From: lmecir:mbox:vol:cz at: 9-Apr-2003 17:12

Hi all, Joel wrote:
> PARSE seems to partake of the same issue as Prolog; its seems to be > implemented in a way that makes it a hybrid between declarative and > procedural programming, with the result that sometimes things have > side effects or behaviors that can be difficult to figure out.
I have read some grammar articles and came to an opinion, that PARSE the most closely resembles lambda calculus, which I would call *purely procedural*. It looks so natural, that it confused not just Joel, I think.

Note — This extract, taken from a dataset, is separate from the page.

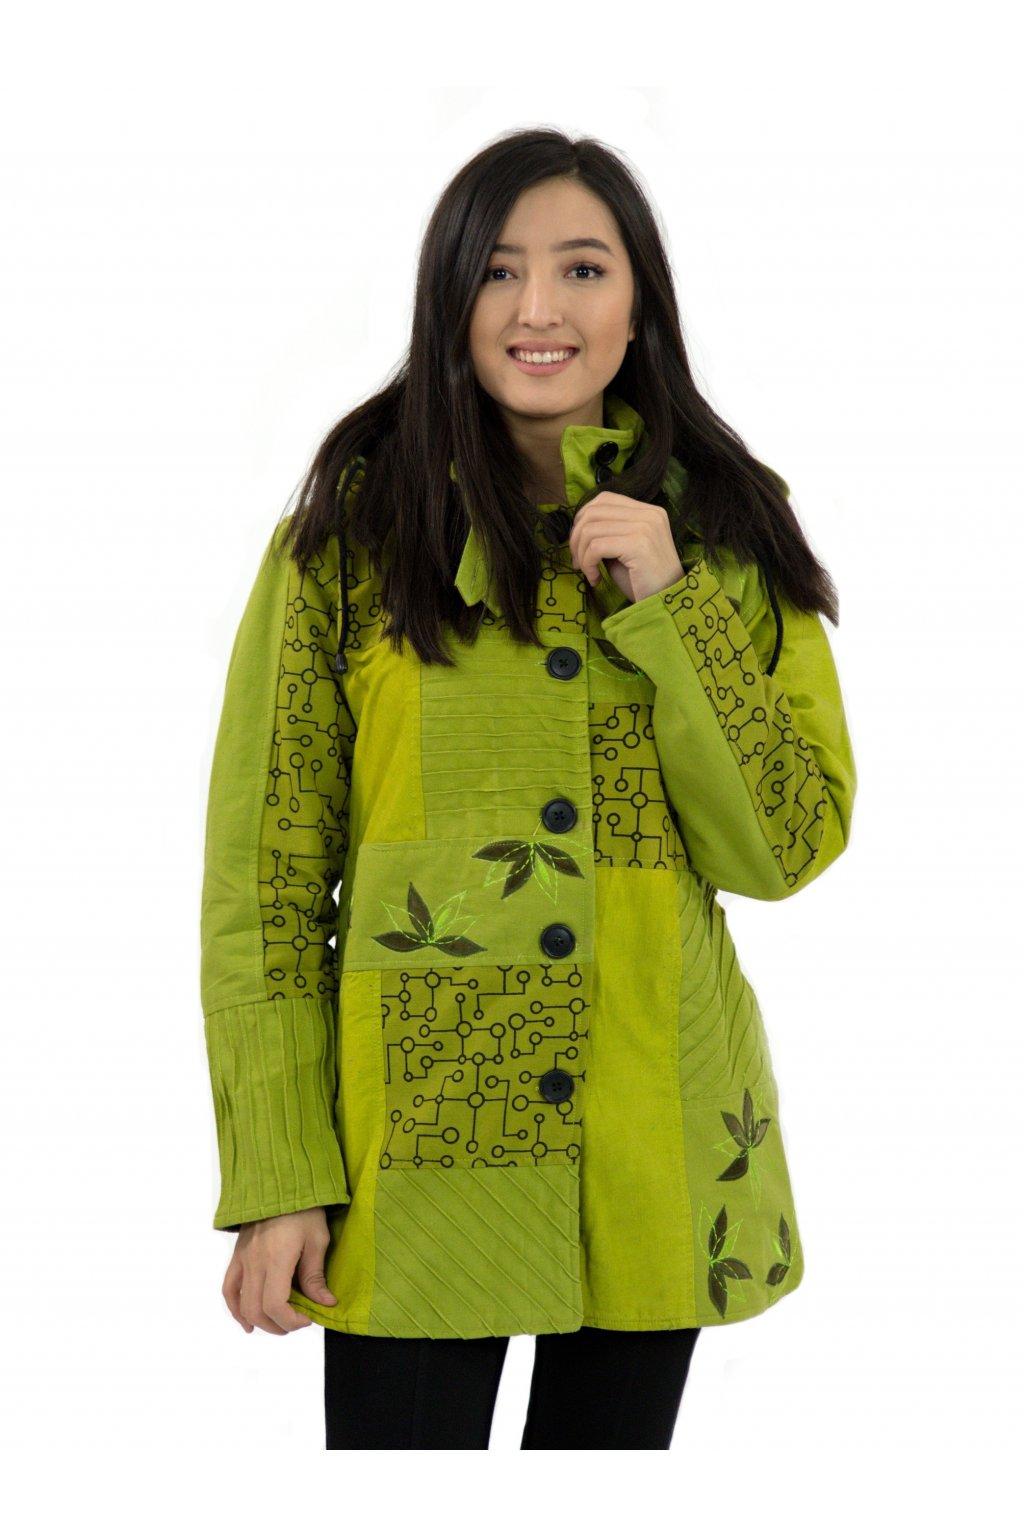 Podzimní/zimní kabát Nepálský lotos - limetková

> I've just tripped over a tidy example of a task that's trivial to > solve if backtracking is available. > > Find a repeated group of characters at the end of a string (one or more > characters, repeated two or more times consecutively). For example, > > "my doggyoggy" > 11112222 > > "has as as as as " > 111222333444555 > > "fleasssssss" > 1234567 > > Note that some cases can be solved in multiple ways: > > "fleassssss" > 111222 > > "fleassssss" > 112233 > > "fleassssss" > 123456 > > in which case any solution is OK. > > The Perl/Python/etc-style regular expression which tests for this > situation and provides the first occurrence of the repeated group > of characters is > > /(.+)\1+$/ > > which, for those not familar with RE "line noise" ;-) can be read > > (.+) a group (the parens) of one or more (the plus) > arbitrary characters (the dot) > \1 ... followed by the same group previously matched > + ... one or more times > $ ... at the end of the string > > I'm really interested in how a PARSE expert would approach the same > task. Any takers?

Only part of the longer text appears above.